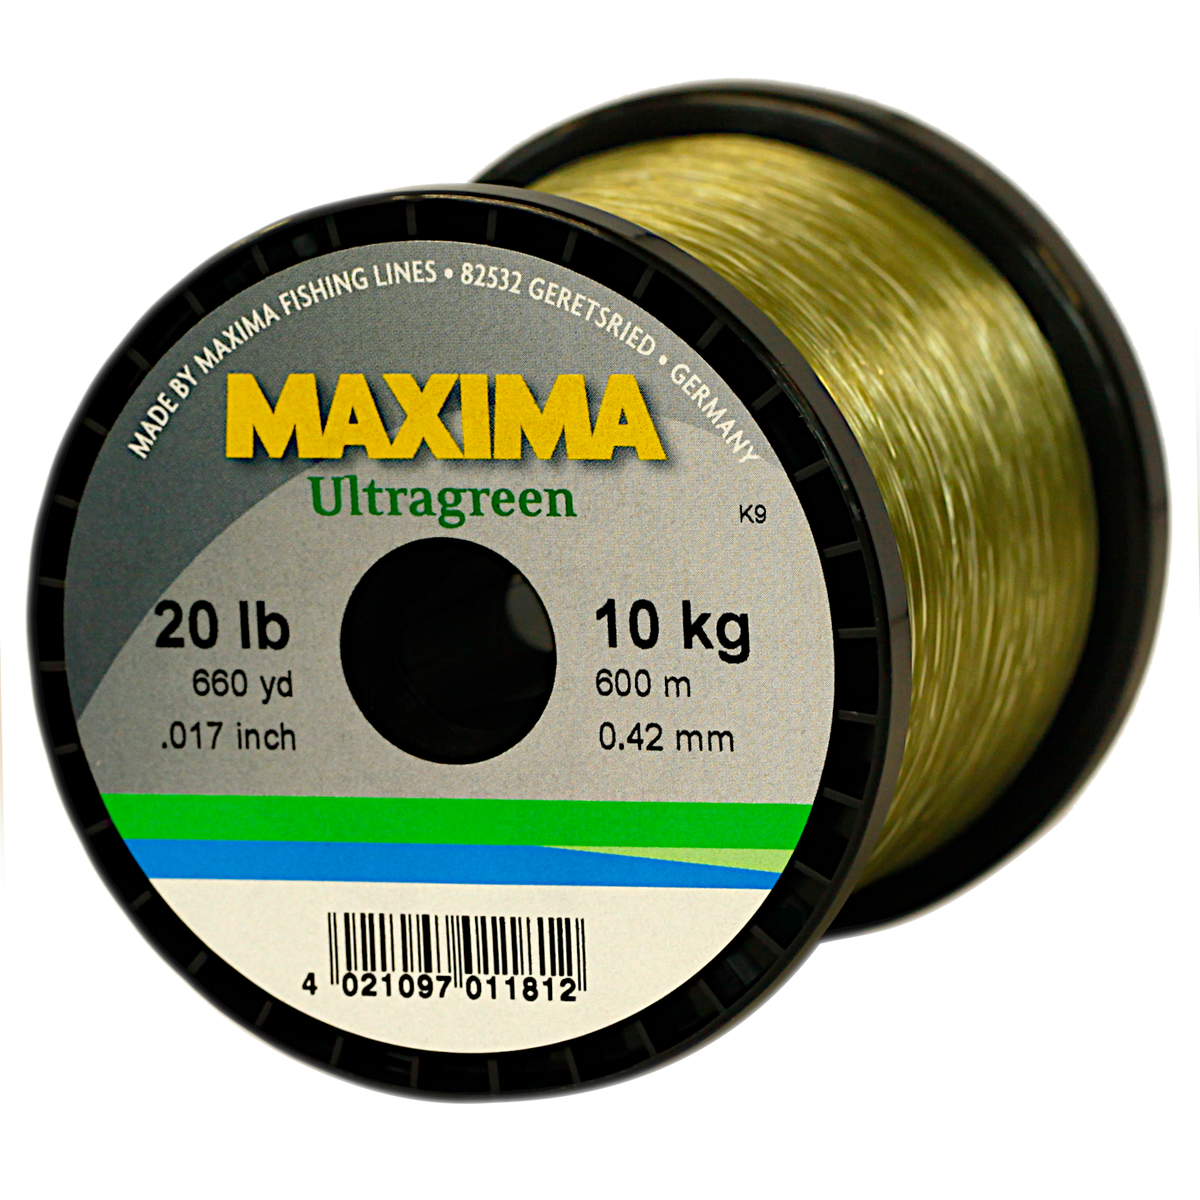 Maxima Nylon Fishing Line, 10KG/20LB 0.42MM, Colour Ultra Green, 600m Spool, Shop Today. Get it Tomorrow!
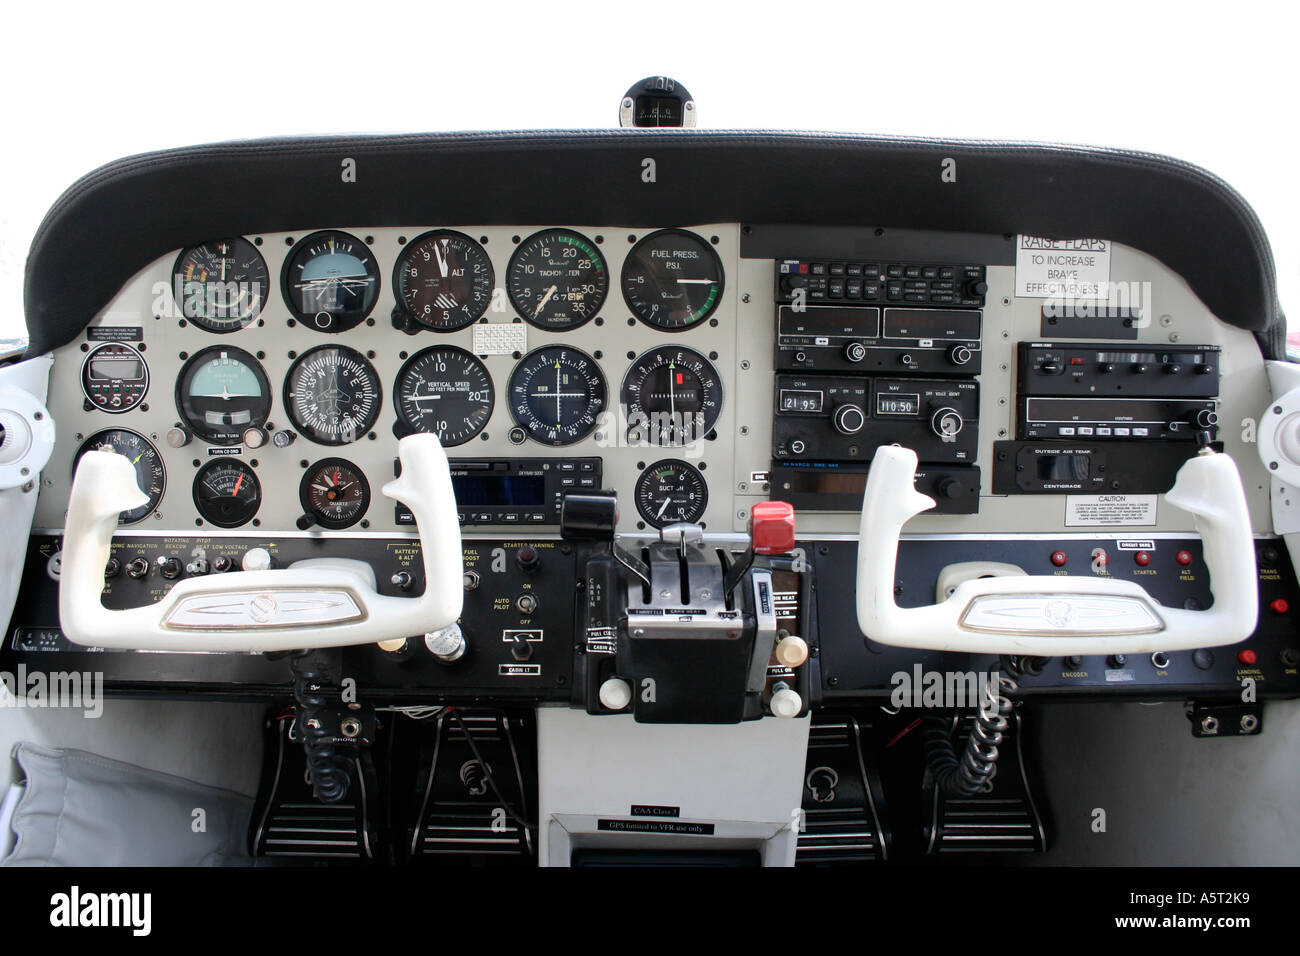 Beechcraft light aircraft interior. Navigation instruments, controls, clocks and dials. Avionics. Single engine aeroplane. Stock Photo
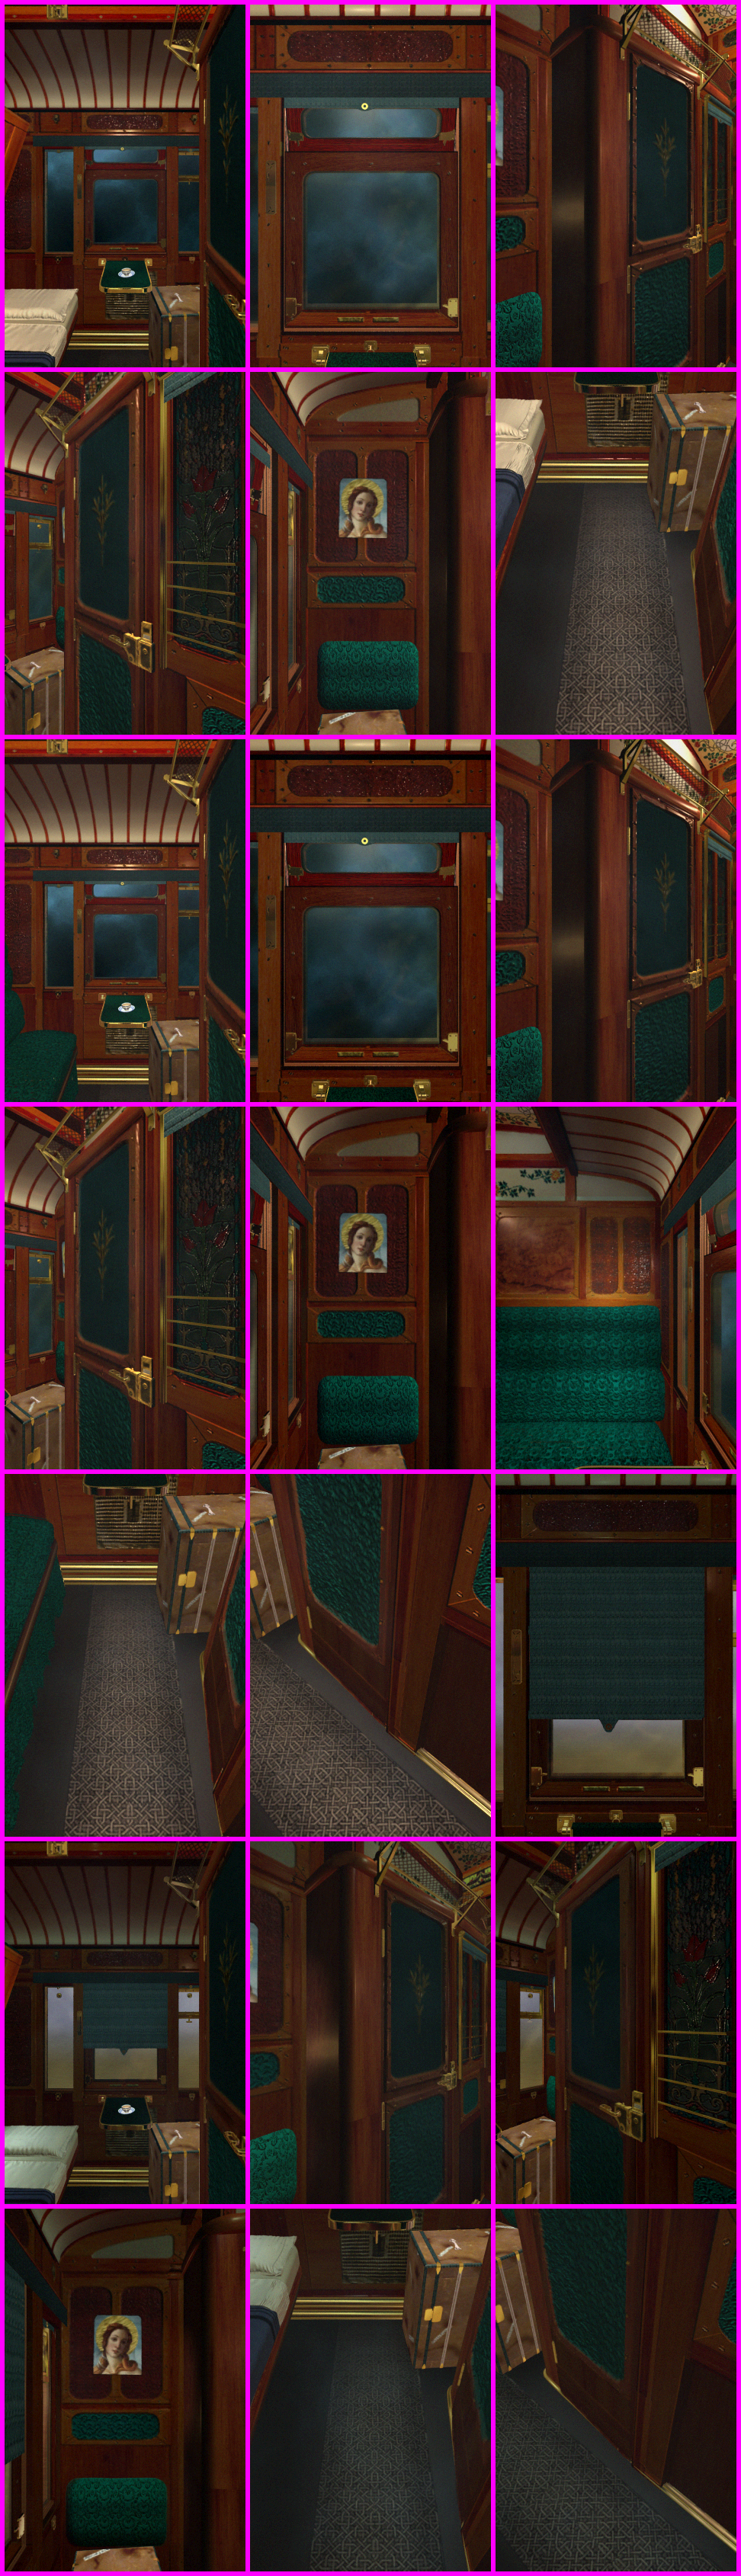 Compartment A
|---|
> _TASK TO CARRY OUT_
Everything from the line containing "Beechcraft light aircraft" to the last line of the listing above must be reproduced exactly, with no pictures included.

> _ANSWER SPACE_
 Beechcraft light aircraft interior. Navigation instruments, controls, clocks and dials. Avionics. Single engine aeroplane. Stock Photo
 Compartment A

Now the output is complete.